The description is a single, clear sentence that directly states the tool's purpose without unnecessary words. It's front-loaded with the key action and target, making it efficient and easy to parse. Every word earns its place, with no redundancy or fluff.

Shorter descriptions cost fewer tokens and are easier for agents to parse. Every sentence should earn its place.

Completeness3/5

Given the tool's complexity, does the description cover enough for an agent to succeed on first attempt?

Given the tool's complexity (a mutation with one parameter) and the presence of an output schema (which handles return values), the description is minimally adequate. However, with no annotations and low schema coverage, it lacks details on behavioral aspects like side effects or error conditions. It meets the basic requirement but leaves gaps in understanding the tool's full context.

Complex tools with many parameters or behaviors need more documentation.

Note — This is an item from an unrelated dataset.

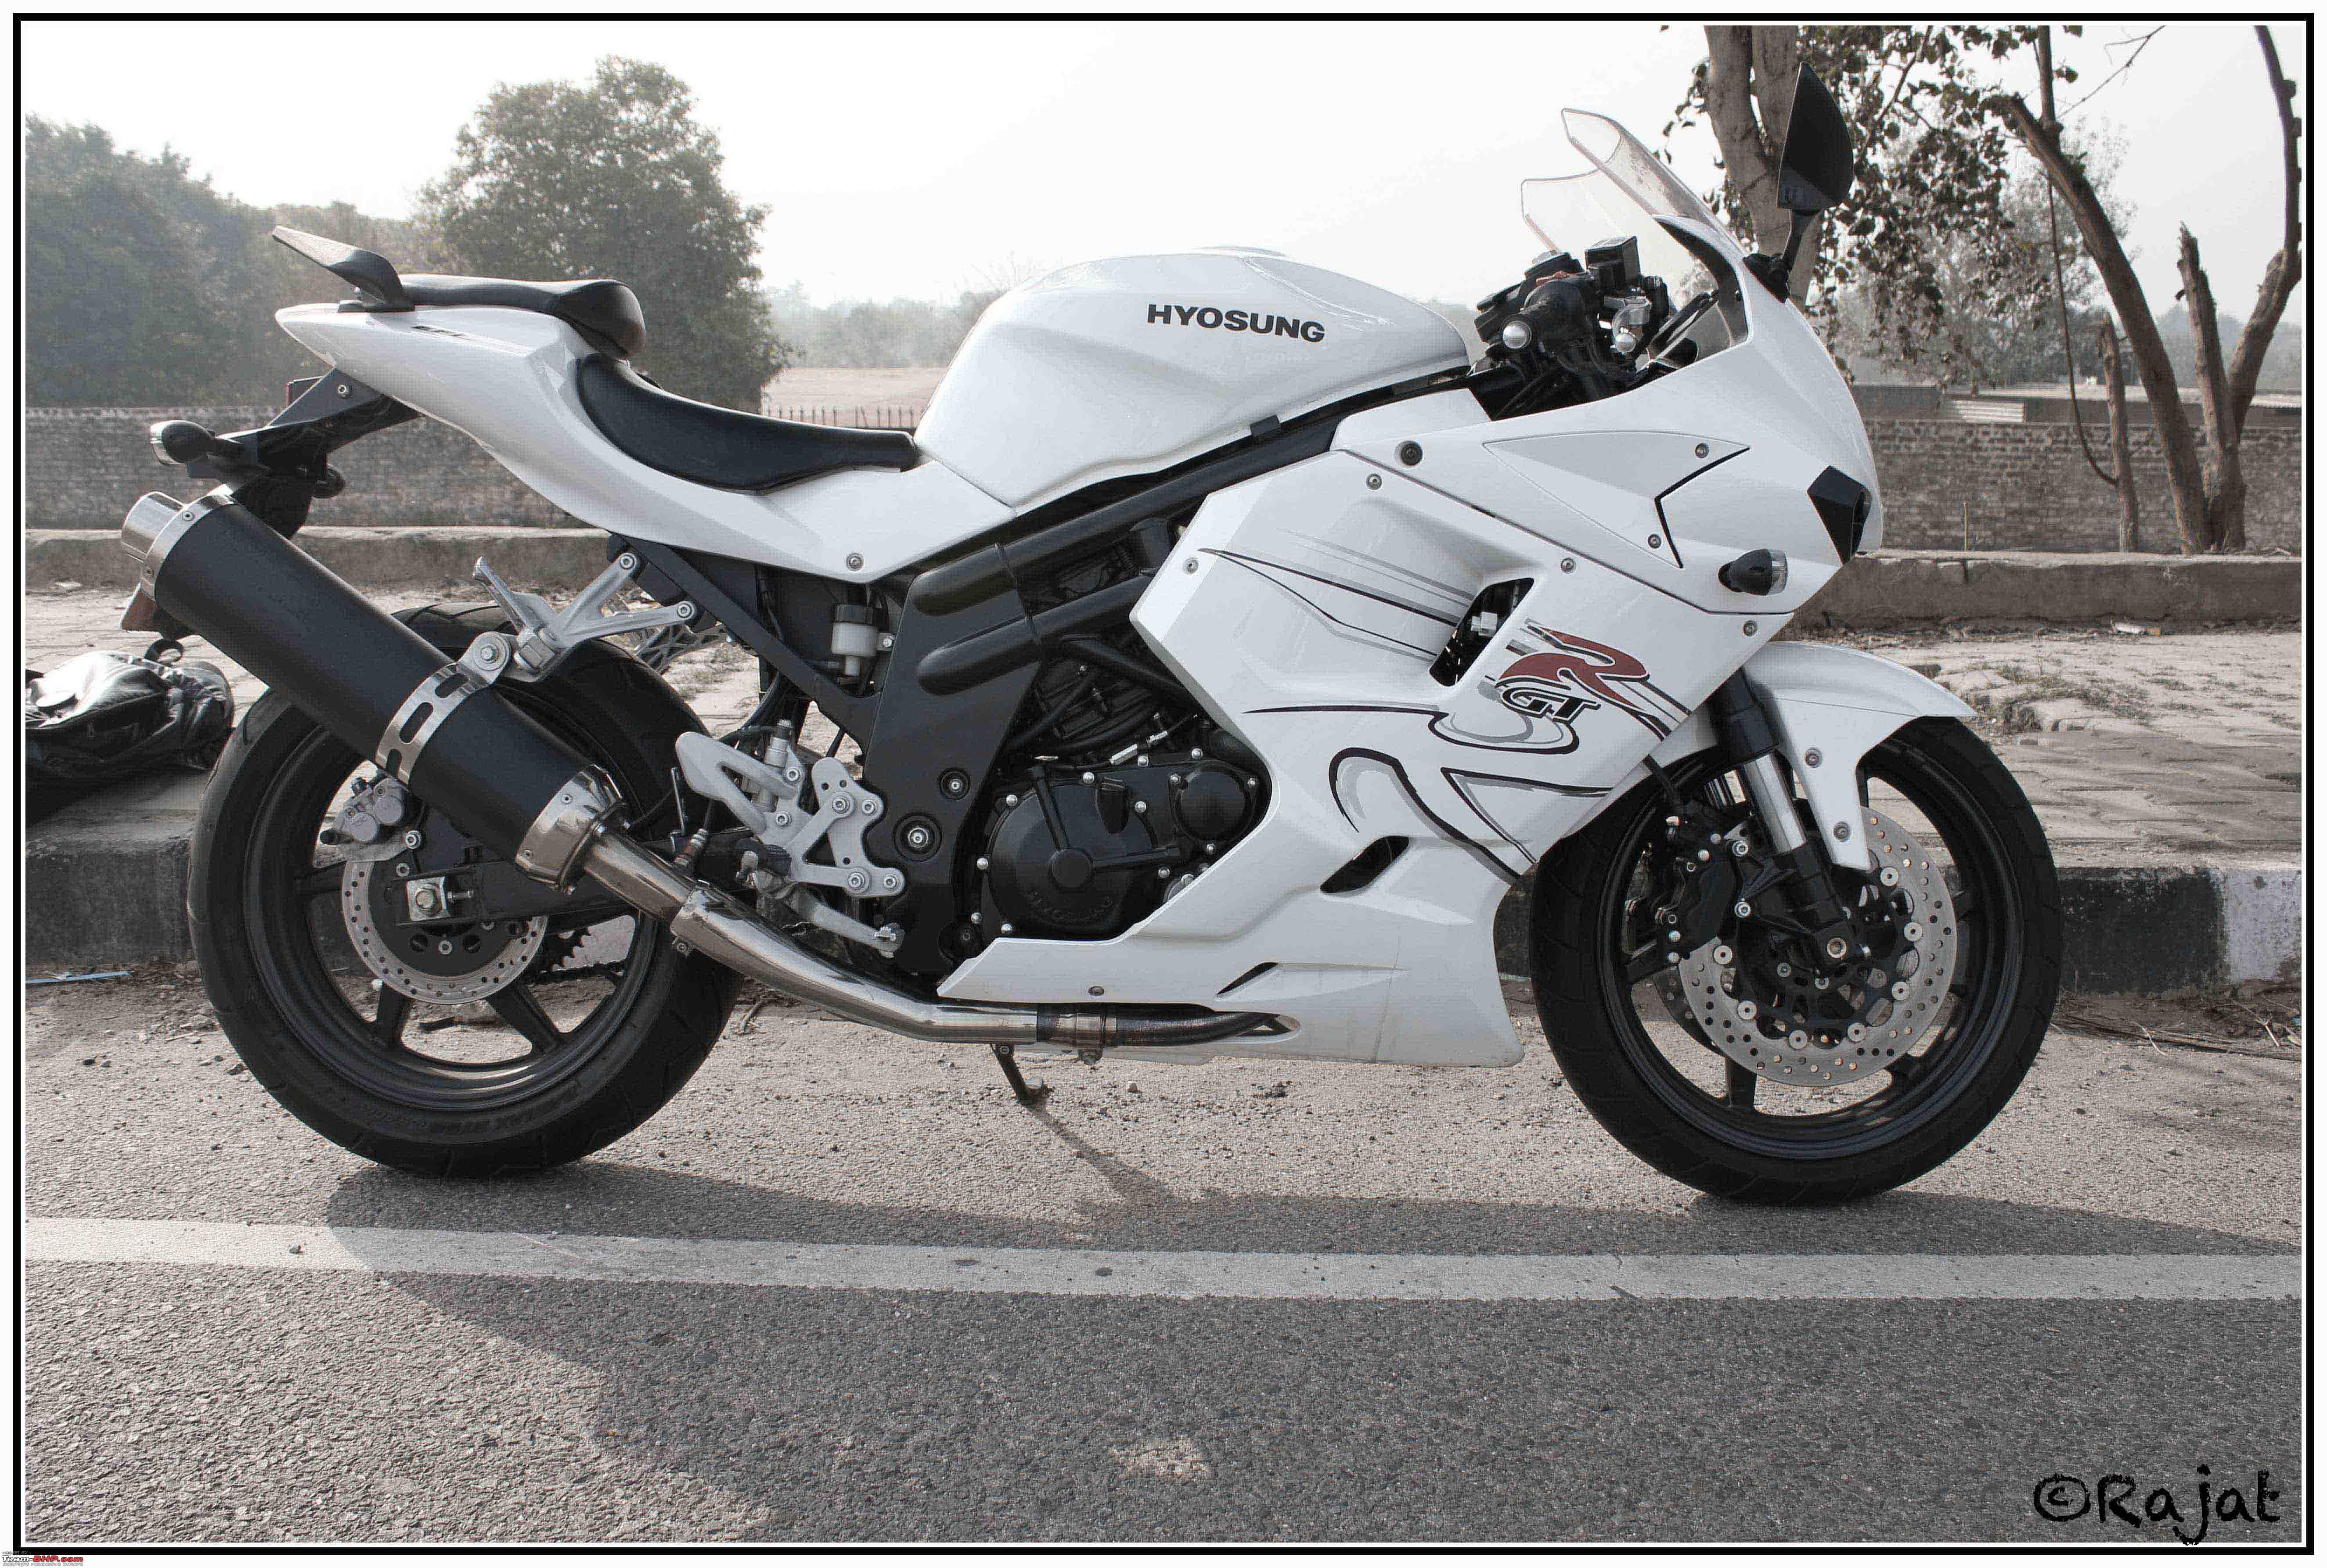 My white glory is here - Hyosung GT650R - Page 6 - Team-BHP

Simple tools need less. This dimension scales expectations accordingly.

Parameters3/5

Does the description clarify parameter syntax, constraints, interactions, or defaults beyond what the schema provides?

The input schema has one parameter ('run_id') with 0% description coverage, meaning the schema provides no semantic details. The description doesn't add any information about this parameter (e.g., what a 'run_id' is, how to obtain it, or format examples). However, with only one parameter, the baseline is higher; the description implies the parameter identifies the run to cancel but doesn't compensate for the lack of schema details.

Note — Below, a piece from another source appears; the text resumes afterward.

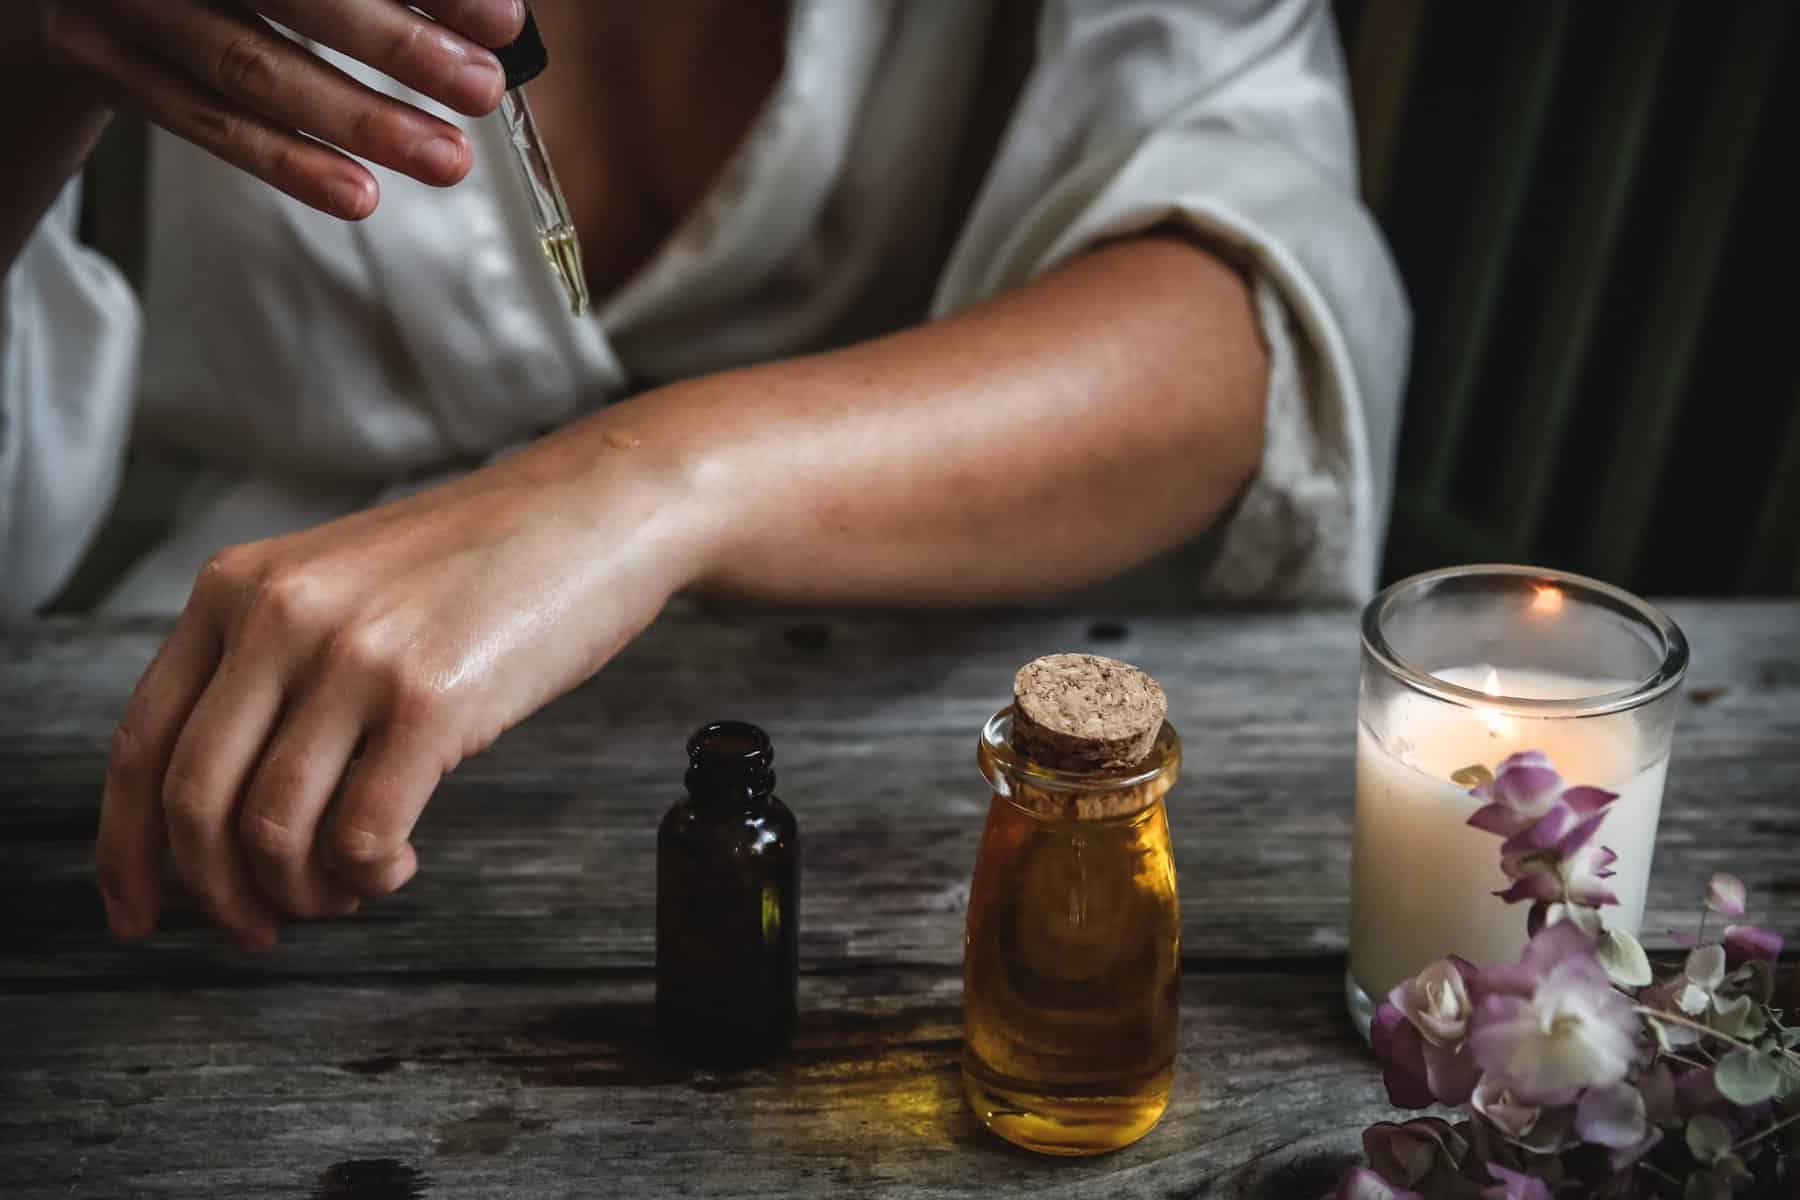 Woman placing oil onto her skin with a dropper with a candle lit next to her

Input schemas describe structure but not intent. Descriptions should explain non-obvious parameter relationships and valid value ranges.

Purpose4/5

Does the description clearly state what the tool does and how it differs from similar tools?

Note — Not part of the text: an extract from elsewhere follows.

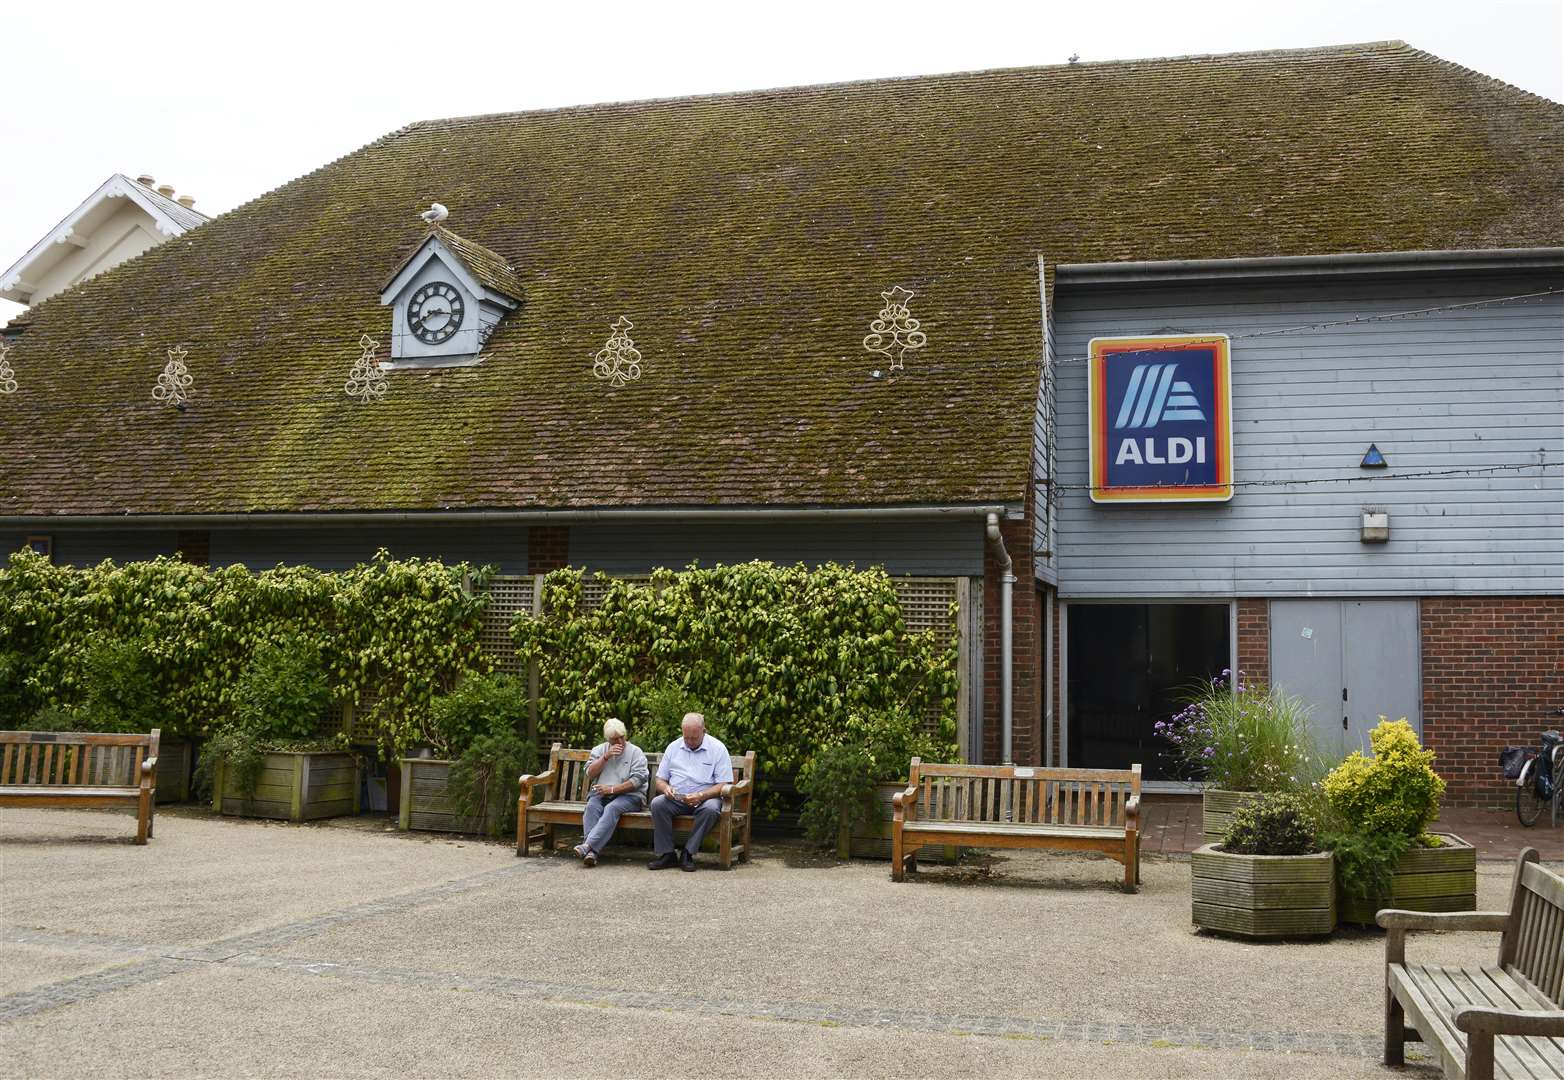 The former Aldi store in Hythe is up for sale

The description clearly states the action ('cancel') and the target ('a running external coding-agent run'), which is specific and unambiguous. It distinguishes from siblings like 'continue_run' or 'get_run' by focusing on termination rather than continuation or retrieval. However, it doesn't explicitly differentiate from all siblings (e.g., 'spawn_run' is about creation, but this isn't stated).

Agents choose between tools based on descriptions. A clear purpose with a specific verb and resource helps agents select the right tool.

Usage Guidelines2/5

Does the description explain when to use this tool, when not to, or what alternatives exist?

The description provides no guidance on when to use this tool versus alternatives. It doesn't mention prerequisites (e.g., that the run must be active), exclusions (e.g., not for completed runs), or comparisons to siblings like 'continue_run' for ongoing runs or 'list_runs' for status checks. This leaves the agent to infer usage context from the tool name alone.

Agents often have multiple tools that could apply. Explicit usage guidance like "use X instead of Y when Z" prevents misuse.